Baseline: rmse = 1.768 mae = 1.304 r2 = 0.440


#### Коррекция

In [10]:
def correct(data):
  theta = (data['tat'] + 273.15) / 288.15

  alpha = 0.5

  data_k = data.copy().drop(columns=['egt'])
  # data_k['n1k'] = data['n1a'] / (theta ** alpha)
  # data_k['n2k'] = data['n2a'] / (theta ** alpha)
  data_k['egtk'] = (data['egt'] + 273.15) / theta

  return data_k


In [11]:
selected_params = ['egtk', 'tat', 'n1a', 'n2a', 'wai', 'nai', 'prv', 'alt', 'mn', 'ff', 'nf']

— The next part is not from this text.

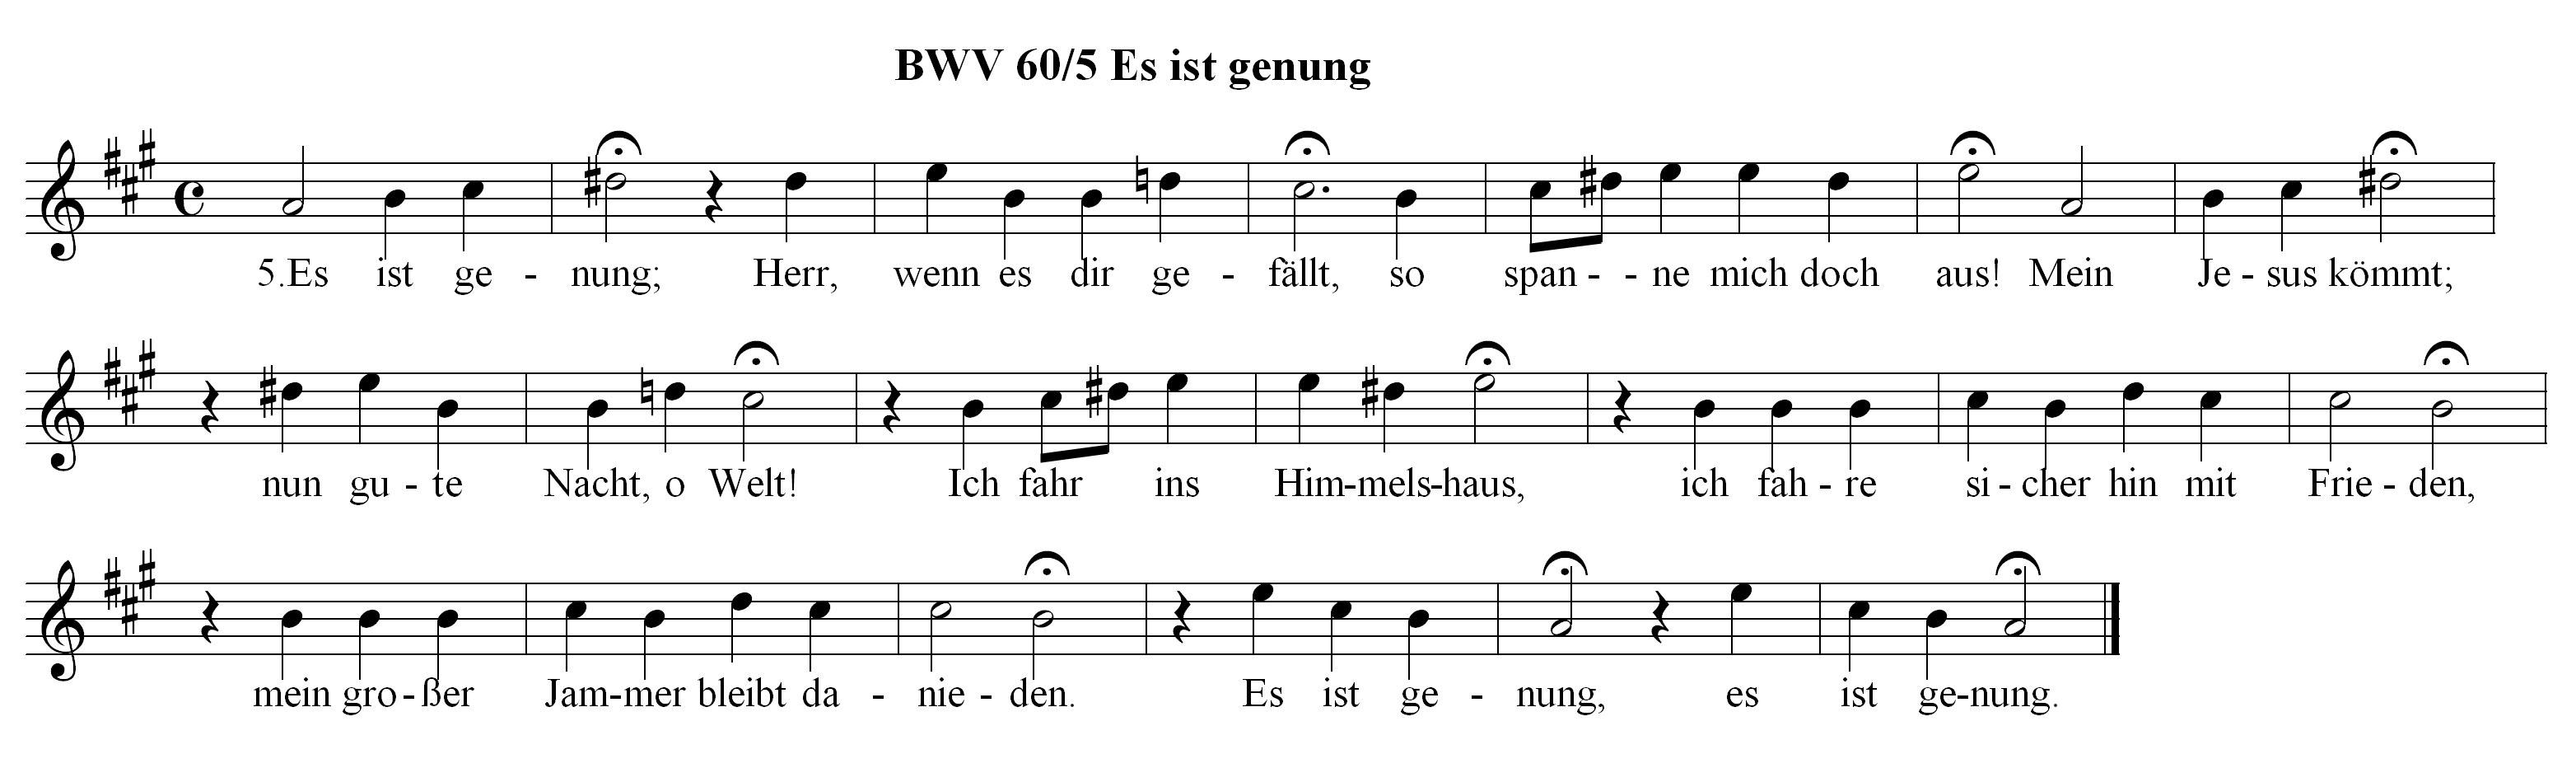 Choral bach pdf

data = get_recursive_features(
  [correct(bgu), correct(bdu)], 
  n_back=13,
  features=selected_params
)


In [12]:
X = data.drop(columns=(meta_cols + y_cols))
y = data['egtm']

mse, mae, r2, model, predicted_train, predicted_test, train_i, y_test = train_model(X, y)

print(f'Baseline: rmse = {mse:.3f} mae = {mae:.3f} r2 = {r2:.3f}')


Baseline: rmse = 1.607 mae = 1.106 r2 = 0.537


Wow, just the egt correction gained us 0.1 increase in R squared!